━━━━━ Supplied entries
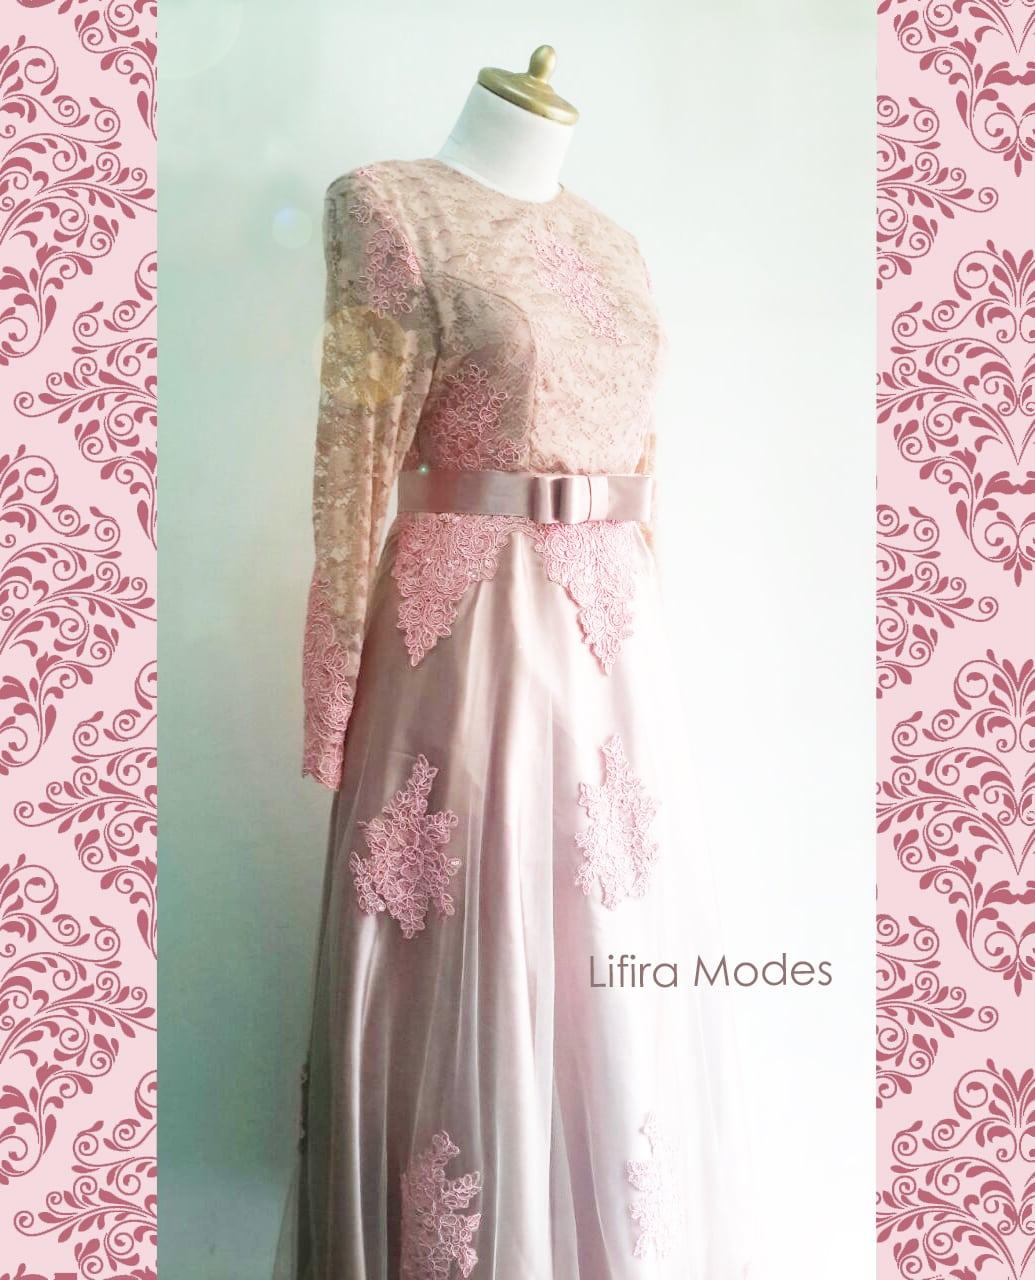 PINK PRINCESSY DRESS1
━━━━━━━━━━
━━━━━ Supplied entries
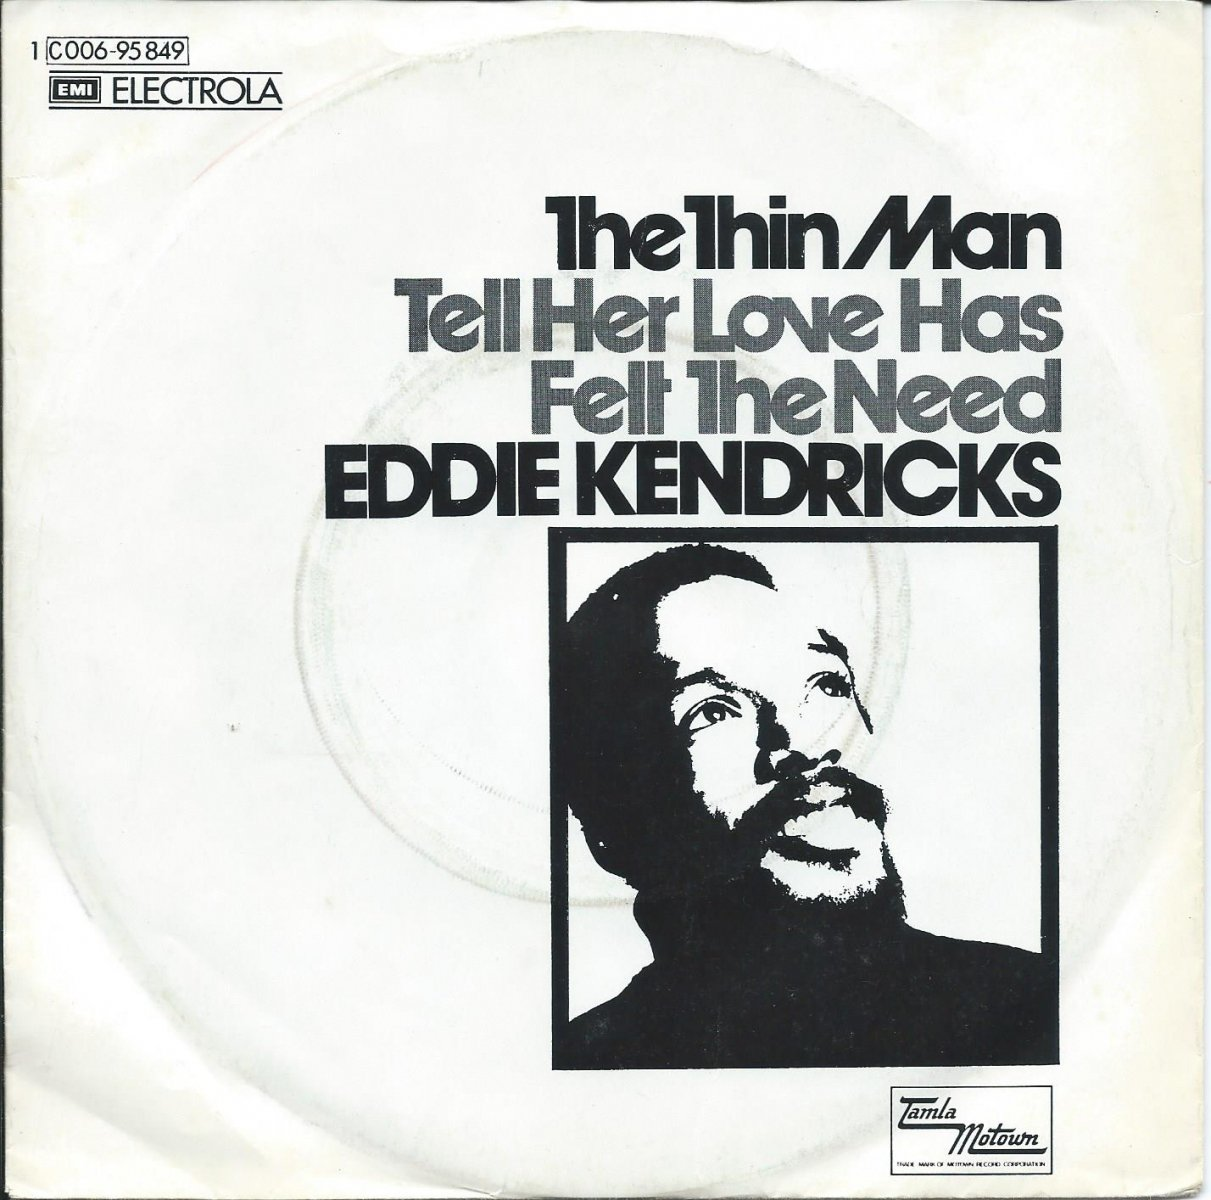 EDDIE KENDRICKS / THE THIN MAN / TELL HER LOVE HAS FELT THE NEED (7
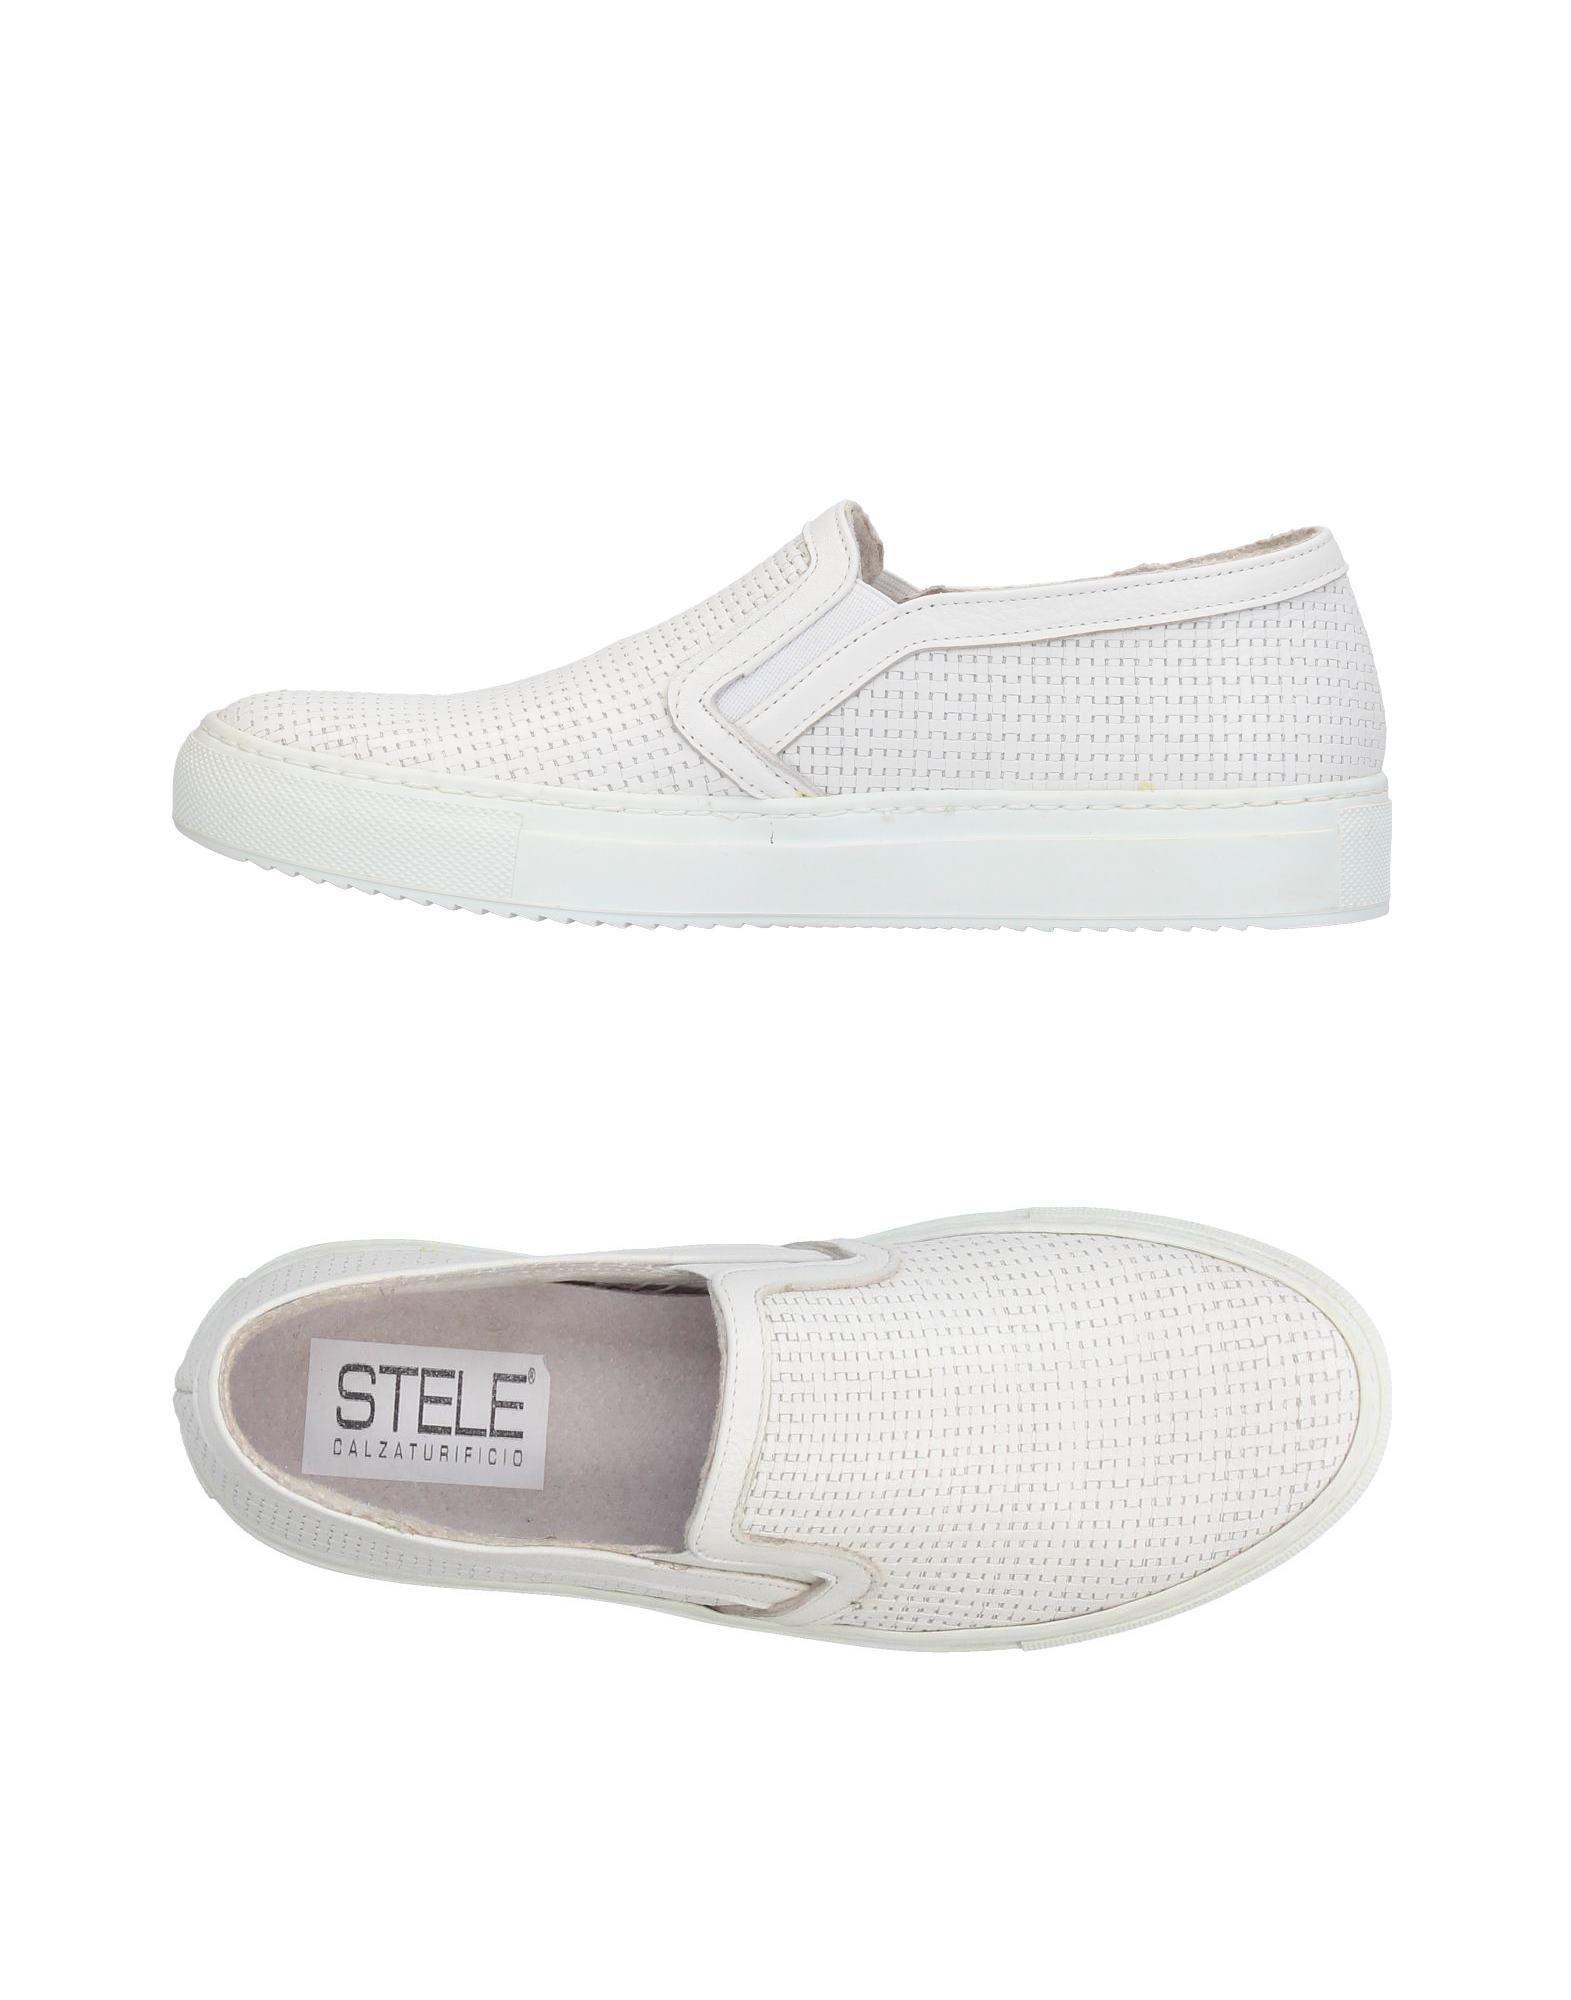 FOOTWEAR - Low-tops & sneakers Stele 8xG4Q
━━━━━━━━━━
How to complete this task: In the listing above, find the line holding "EDDIE KENDRICKS /" and the line holding "FOOTWEAR - Low-tops & sneakers Stele 8xG4Q". Reproduce those two lines and all between them exactly, leaving out pictures.

Task answer:
 EDDIE KENDRICKS / THE THIN MAN / TELL HER LOVE HAS FELT THE NEED (7
 FOOTWEAR - Low-tops & sneakers Stele 8xG4Q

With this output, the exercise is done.